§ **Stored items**
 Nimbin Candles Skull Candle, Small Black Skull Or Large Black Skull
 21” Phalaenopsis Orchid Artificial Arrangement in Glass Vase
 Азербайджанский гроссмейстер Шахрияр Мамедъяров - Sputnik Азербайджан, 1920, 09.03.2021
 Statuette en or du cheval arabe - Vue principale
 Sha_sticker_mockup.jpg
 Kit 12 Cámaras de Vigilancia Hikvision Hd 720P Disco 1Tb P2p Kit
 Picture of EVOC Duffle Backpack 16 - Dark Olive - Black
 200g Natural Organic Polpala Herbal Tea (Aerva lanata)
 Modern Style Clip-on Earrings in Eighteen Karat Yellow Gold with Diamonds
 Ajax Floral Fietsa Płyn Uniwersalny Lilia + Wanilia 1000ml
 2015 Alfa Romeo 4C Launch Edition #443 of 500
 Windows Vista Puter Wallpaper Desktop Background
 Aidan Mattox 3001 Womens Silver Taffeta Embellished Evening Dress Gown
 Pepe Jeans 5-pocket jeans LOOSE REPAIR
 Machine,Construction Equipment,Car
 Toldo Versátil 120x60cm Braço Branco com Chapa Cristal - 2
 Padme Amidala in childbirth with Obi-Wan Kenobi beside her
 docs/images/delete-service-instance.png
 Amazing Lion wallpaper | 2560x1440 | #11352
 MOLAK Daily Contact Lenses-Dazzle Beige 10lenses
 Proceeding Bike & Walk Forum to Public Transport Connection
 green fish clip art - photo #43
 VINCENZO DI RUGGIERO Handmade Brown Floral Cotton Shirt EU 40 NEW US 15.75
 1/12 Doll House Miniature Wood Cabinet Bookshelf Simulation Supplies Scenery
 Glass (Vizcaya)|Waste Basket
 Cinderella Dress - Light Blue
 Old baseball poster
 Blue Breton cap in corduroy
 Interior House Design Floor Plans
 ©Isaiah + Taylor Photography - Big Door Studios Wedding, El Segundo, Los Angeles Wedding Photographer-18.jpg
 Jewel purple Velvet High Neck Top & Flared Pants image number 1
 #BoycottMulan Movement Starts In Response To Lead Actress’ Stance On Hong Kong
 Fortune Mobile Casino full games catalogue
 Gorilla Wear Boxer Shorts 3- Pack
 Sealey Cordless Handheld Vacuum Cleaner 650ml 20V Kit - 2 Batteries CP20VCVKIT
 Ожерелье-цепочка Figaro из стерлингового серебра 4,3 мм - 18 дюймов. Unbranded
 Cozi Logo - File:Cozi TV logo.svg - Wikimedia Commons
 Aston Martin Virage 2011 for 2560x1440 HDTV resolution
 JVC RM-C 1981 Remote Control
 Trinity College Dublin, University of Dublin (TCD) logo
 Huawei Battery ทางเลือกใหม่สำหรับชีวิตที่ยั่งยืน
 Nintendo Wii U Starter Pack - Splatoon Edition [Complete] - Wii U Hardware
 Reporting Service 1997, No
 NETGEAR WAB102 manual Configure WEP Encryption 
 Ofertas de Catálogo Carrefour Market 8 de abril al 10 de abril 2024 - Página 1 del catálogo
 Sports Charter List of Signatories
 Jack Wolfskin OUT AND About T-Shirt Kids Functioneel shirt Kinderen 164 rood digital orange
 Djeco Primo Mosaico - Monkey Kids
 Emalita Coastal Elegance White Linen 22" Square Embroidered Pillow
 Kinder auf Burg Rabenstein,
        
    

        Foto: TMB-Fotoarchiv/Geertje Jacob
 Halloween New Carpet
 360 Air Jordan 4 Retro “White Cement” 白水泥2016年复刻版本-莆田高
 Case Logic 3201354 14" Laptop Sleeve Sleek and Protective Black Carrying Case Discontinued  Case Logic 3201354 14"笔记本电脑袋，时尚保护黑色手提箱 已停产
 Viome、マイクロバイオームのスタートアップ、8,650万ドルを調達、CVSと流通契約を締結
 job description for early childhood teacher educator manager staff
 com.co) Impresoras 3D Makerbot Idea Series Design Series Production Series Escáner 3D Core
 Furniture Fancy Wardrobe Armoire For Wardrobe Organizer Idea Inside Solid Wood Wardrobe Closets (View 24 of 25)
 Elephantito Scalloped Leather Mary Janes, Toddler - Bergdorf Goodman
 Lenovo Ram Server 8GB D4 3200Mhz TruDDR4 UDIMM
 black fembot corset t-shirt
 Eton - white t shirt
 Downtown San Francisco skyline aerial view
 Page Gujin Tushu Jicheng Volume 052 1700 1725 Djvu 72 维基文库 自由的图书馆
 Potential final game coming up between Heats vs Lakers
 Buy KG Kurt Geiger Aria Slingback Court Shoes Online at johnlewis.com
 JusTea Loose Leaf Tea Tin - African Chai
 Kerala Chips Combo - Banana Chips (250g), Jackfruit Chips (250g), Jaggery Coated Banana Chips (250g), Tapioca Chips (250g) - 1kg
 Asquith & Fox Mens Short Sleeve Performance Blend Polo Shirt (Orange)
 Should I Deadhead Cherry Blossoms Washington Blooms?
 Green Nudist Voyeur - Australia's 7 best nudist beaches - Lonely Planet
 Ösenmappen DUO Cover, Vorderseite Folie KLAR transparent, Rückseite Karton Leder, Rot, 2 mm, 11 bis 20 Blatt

§ **Assignment**
Repeat the entries above exactly, leaving nothing out.

§ **Result**
 Nimbin Candles Skull Candle, Small Black Skull Or Large Black Skull
 21” Phalaenopsis Orchid Artificial Arrangement in Glass Vase
 Азербайджанский гроссмейстер Шахрияр Мамедъяров - Sputnik Азербайджан, 1920, 09.03.2021
 Statuette en or du cheval arabe - Vue principale
 Sha_sticker_mockup.jpg
 Kit 12 Cámaras de Vigilancia Hikvision Hd 720P Disco 1Tb P2p Kit
 Picture of EVOC Duffle Backpack 16 - Dark Olive - Black
 200g Natural Organic Polpala Herbal Tea (Aerva lanata)
 Modern Style Clip-on Earrings in Eighteen Karat Yellow Gold with Diamonds
 Ajax Floral Fietsa Płyn Uniwersalny Lilia + Wanilia 1000ml
 2015 Alfa Romeo 4C Launch Edition #443 of 500
 Windows Vista Puter Wallpaper Desktop Background
 Aidan Mattox 3001 Womens Silver Taffeta Embellished Evening Dress Gown
 Pepe Jeans 5-pocket jeans LOOSE REPAIR
 Machine,Construction Equipment,Car
 Toldo Versátil 120x60cm Braço Branco com Chapa Cristal - 2
 Padme Amidala in childbirth with Obi-Wan Kenobi beside her
 docs/images/delete-service-instance.png
 Amazing Lion wallpaper | 2560x1440 | #11352
 MOLAK Daily Contact Lenses-Dazzle Beige 10lenses
 Proceeding Bike & Walk Forum to Public Transport Connection
 green fish clip art - photo #43
 VINCENZO DI RUGGIERO Handmade Brown Floral Cotton Shirt EU 40 NEW US 15.75
 1/12 Doll House Miniature Wood Cabinet Bookshelf Simulation Supplies Scenery
 Glass (Vizcaya)|Waste Basket
 Cinderella Dress - Light Blue
 Old baseball poster
 Blue Breton cap in corduroy
 Interior House Design Floor Plans
 ©Isaiah + Taylor Photography - Big Door Studios Wedding, El Segundo, Los Angeles Wedding Photographer-18.jpg
 Jewel purple Velvet High Neck Top & Flared Pants image number 1
 #BoycottMulan Movement Starts In Response To Lead Actress’ Stance On Hong Kong
 Fortune Mobile Casino full games catalogue
 Gorilla Wear Boxer Shorts 3- Pack
 Sealey Cordless Handheld Vacuum Cleaner 650ml 20V Kit - 2 Batteries CP20VCVKIT
 Ожерелье-цепочка Figaro из стерлингового серебра 4,3 мм - 18 дюймов. Unbranded
 Cozi Logo - File:Cozi TV logo.svg - Wikimedia Commons
 Aston Martin Virage 2011 for 2560x1440 HDTV resolution
 JVC RM-C 1981 Remote Control
 Trinity College Dublin, University of Dublin (TCD) logo
 Huawei Battery ทางเลือกใหม่สำหรับชีวิตที่ยั่งยืน
 Nintendo Wii U Starter Pack - Splatoon Edition [Complete] - Wii U Hardware
 Reporting Service 1997, No
 NETGEAR WAB102 manual Configure WEP Encryption 
 Ofertas de Catálogo Carrefour Market 8 de abril al 10 de abril 2024 - Página 1 del catálogo
 Sports Charter List of Signatories
 Jack Wolfskin OUT AND About T-Shirt Kids Functioneel shirt Kinderen 164 rood digital orange
 Djeco Primo Mosaico - Monkey Kids
 Emalita Coastal Elegance White Linen 22" Square Embroidered Pillow
 Kinder auf Burg Rabenstein,
        
    

        Foto: TMB-Fotoarchiv/Geertje Jacob
 Halloween New Carpet
 360 Air Jordan 4 Retro “White Cement” 白水泥2016年复刻版本-莆田高
 Case Logic 3201354 14" Laptop Sleeve Sleek and Protective Black Carrying Case Discontinued  Case Logic 3201354 14"笔记本电脑袋，时尚保护黑色手提箱 已停产
 Viome、マイクロバイオームのスタートアップ、8,650万ドルを調達、CVSと流通契約を締結
 job description for early childhood teacher educator manager staff
 com.co) Impresoras 3D Makerbot Idea Series Design Series Production Series Escáner 3D Core
 Furniture Fancy Wardrobe Armoire For Wardrobe Organizer Idea Inside Solid Wood Wardrobe Closets (View 24 of 25)
 Elephantito Scalloped Leather Mary Janes, Toddler - Bergdorf Goodman
 Lenovo Ram Server 8GB D4 3200Mhz TruDDR4 UDIMM
 black fembot corset t-shirt
 Eton - white t shirt
 Downtown San Francisco skyline aerial view
 Page Gujin Tushu Jicheng Volume 052 1700 1725 Djvu 72 维基文库 自由的图书馆
 Potential final game coming up between Heats vs Lakers
 Buy KG Kurt Geiger Aria Slingback Court Shoes Online at johnlewis.com
 JusTea Loose Leaf Tea Tin - African Chai
 Kerala Chips Combo - Banana Chips (250g), Jackfruit Chips (250g), Jaggery Coated Banana Chips (250g), Tapioca Chips (250g) - 1kg
 Asquith & Fox Mens Short Sleeve Performance Blend Polo Shirt (Orange)
 Should I Deadhead Cherry Blossoms Washington Blooms?
 Green Nudist Voyeur - Australia's 7 best nudist beaches - Lonely Planet
 Ösenmappen DUO Cover, Vorderseite Folie KLAR transparent, Rückseite Karton Leder, Rot, 2 mm, 11 bis 20 Blatt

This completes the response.